Correction officials, staff members still at odds over needs

WILMINGTON — More than three months after a prison officer  was killed by inmates at the James T. Vaughn Correctional Center an apparent disconnect exists between top state officials and rank-and-file members of the Department of Correction.

A special meeting of the Senate Labor Committee Monday, called to discuss conditions in the state’s prisons leading up to Feb. 1, featured hours of testimony from state correction officials and union leaders, indicating a gap between how the two sides view the situation.

While the hearing included an opportunity for committee members to publicly question several top department officials, little was said that had not already been mentioned in recent months.

As a result, correctional officer advocates were left frustrated.

While some have painted a picture of an agency in crisis since Feb. 1, Correction Commissioner Perry Phelps downplayed the issues confronting the department, although he did admit more needs to be done in some areas.

In contrast, Geoff Klopp, president of the Correctional Officers Association of Delaware, echoed comments he has made before. He called the Department of Correction “broken” and blasted decision-makers for not offering more support to prison staffers.

Sen. Robert Marshall, a Wilmington Democrat who chairs the committee, noted the agency has had issues for decades and questioned how much has been done over the years to change that.

“It’s striking that if you redacted the years you’d think the report back in the ‘80s or the ‘70s was written in May of 2017,” he said to Mr. Phelps.

Mr. Phelps acknowledged the findings from decades ago “are eerily similar” to problems that exist today, but he rejected concerns that the agency needs a fundamental overhaul.

“Until we treat the underlying issues and whatever is going on there … the Department of Correction is a microcosm of the community,” he said.

Mr. Phelps said some troubles arise from societal ills and cannot be fixed unless people simply treat one another better.

In response to questions about what lawmakers can do to help correctional officers, Mr. Phelps, himself a former officer, recommended adding 100 guards, raising pay and placing more cameras inside the facilities.

Staffing issues, long a source of frustration among correctional officers, have been spotlighted over the past three-and-a-half months. The state has for years relied on overtime to cover for a shortage in the number of correctional officers and Mr. Klopp has complained salaries are too low to recruit and retain people.

Gov. John Carney has proposed increasing hazard pay — effectively raising starting salaries from $35,179 to about $37,000 — as well as adding 75 new officers and spending more on equipment and training.

Filling vacancies is first on Mr. Klopp’s mind, and to accomplish that, even Mr. Phelps admitted higher salaries are needed.

“Part of attracting more people will be … giving a livable wage to the officers,” the commissioner said.

Mr. Phelps and former Vaughn warden David Pierce were among those subpoenaed to speak at the hearing in what is believed to be the first use of subpoena power by the General Assembly since 2000. While Mr. Phelps protested the subpoena, claiming it was not properly issued by the full General Assembly, both he and Mr. Pierce did agree to attend voluntarily.

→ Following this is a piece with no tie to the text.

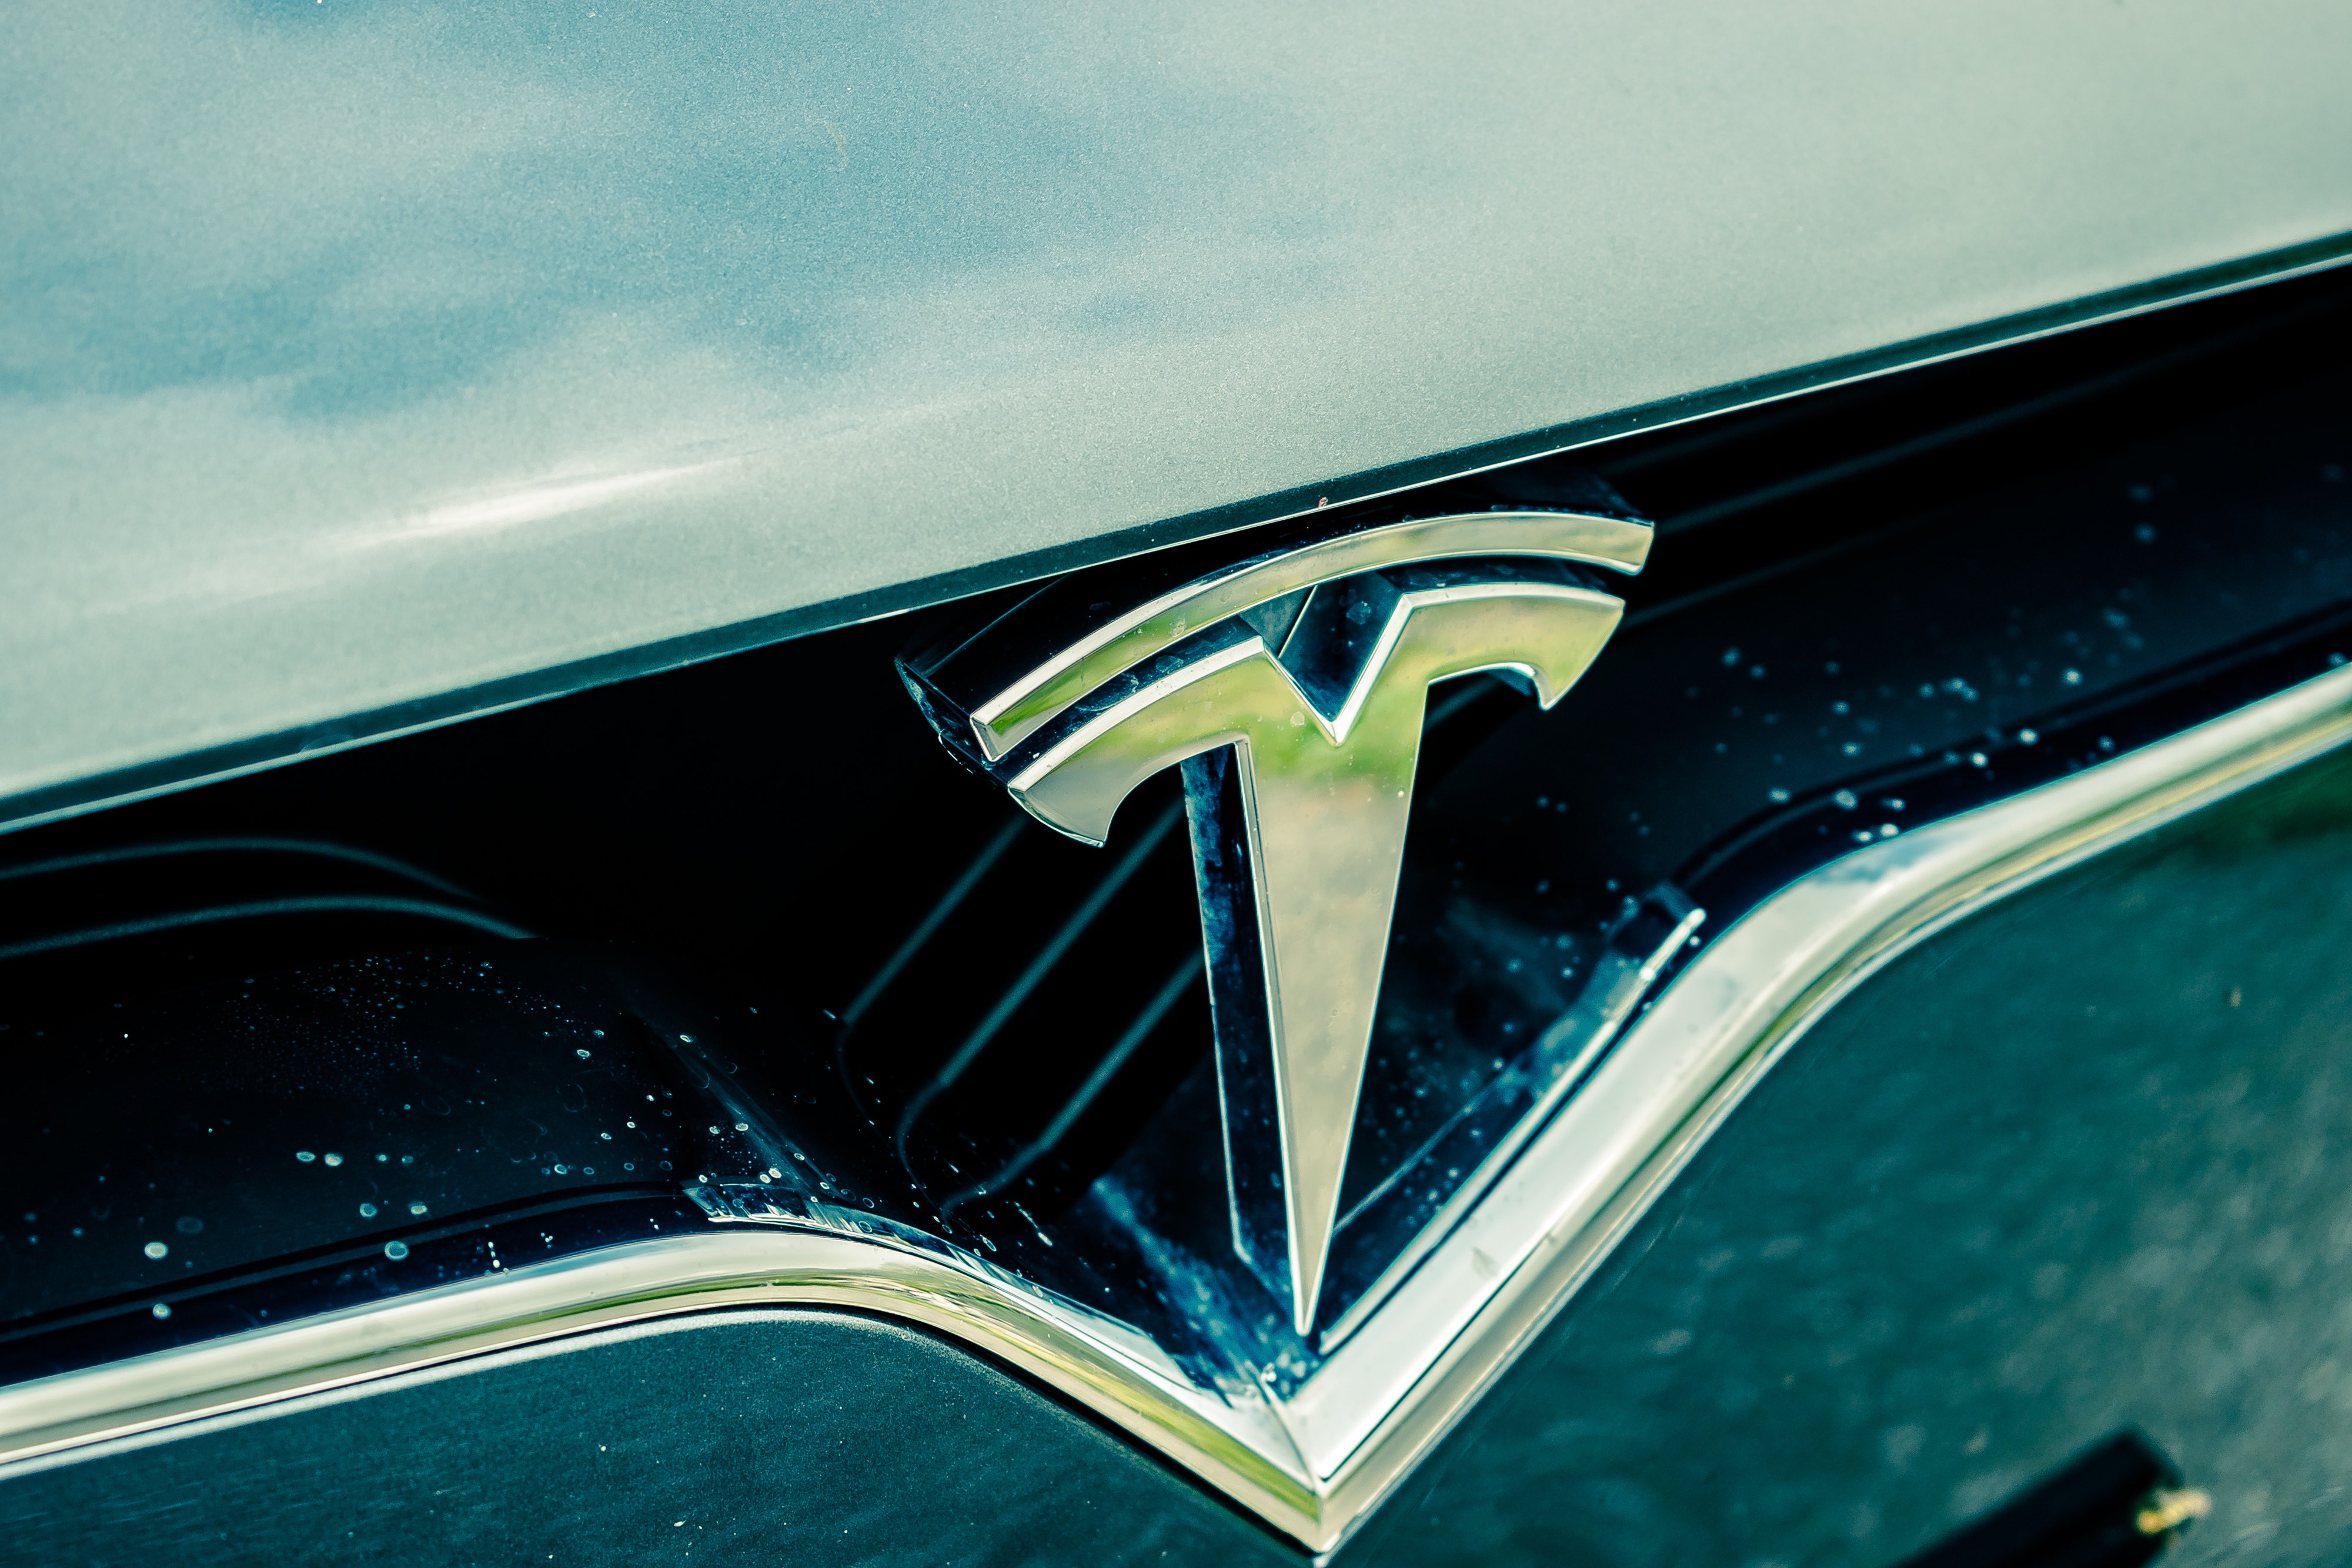 Benzinga Before The Bell: Tesla Sues Louisiana Automobile Dealers Association, Will iPhone 14 Feature Satellite Connectivity?, Netflix Denies $7 To $9 Ad-Supported Plan And Other Top Financial Stories Tuesday, August 30

Committee members did not ask about the Feb. 1 incident itself, about which Mr. Phelps had indicated he would decline to answers questions. The committee instead focused on conditions in Vaughn and other Delaware prisons in the years leading to the inmate uprising.

An agreement with the American Civil Liberties Union of Delaware that led to the department moving some violent inmates to another facility to clear space for offenders with mental-health issues did not cause the Feb. 1 incident, Mr. Phelps said.

But others disagreed.

Former officer Karl Hazzard said it prevents officers from properly disciplining inmates at times. Mr. Klopp said it was “hastily implemented” and drawn up without any input from correctional officers.

The two also disagreed with both Mr. Phelps and Mr. Pierce on the subject of punishment of employees who report problems in the department.

Mr. Hazzard said some people have been promoted too fast and do not seem to care about those under them, leading to a lack of respect.

“People must first think that you care before you care what you think,” he said.

Fortunately for the state, many of the issues plaguing the Department of Correction are known. Unfortunately for decision-makers, there’s another factor: money.

With the state facing a projected shortfall of approximately $400 million, officials say they cannot fully fund all the needs.

The General Assembly has until June 30 to affect change through legislation. The team conducting a review of the prison will provide its initial findings to the governor by June 1, with a full report due Aug. 15.

While most of the hearing centered on problems hindering correctional officers, some advocates see the situation as a chance to improve both the conditions of inmates and correctional officers.

Delaware, former New Castle County President Chris Bullock said, has a “narrow window” to address the problems in its prison system. The state can not only make the prisons safer but can reduce recidivism by making the agency’s approach less punitive, he believes.

“Is it going to be called the Department of Correction or the Department of Punishment?” he asked.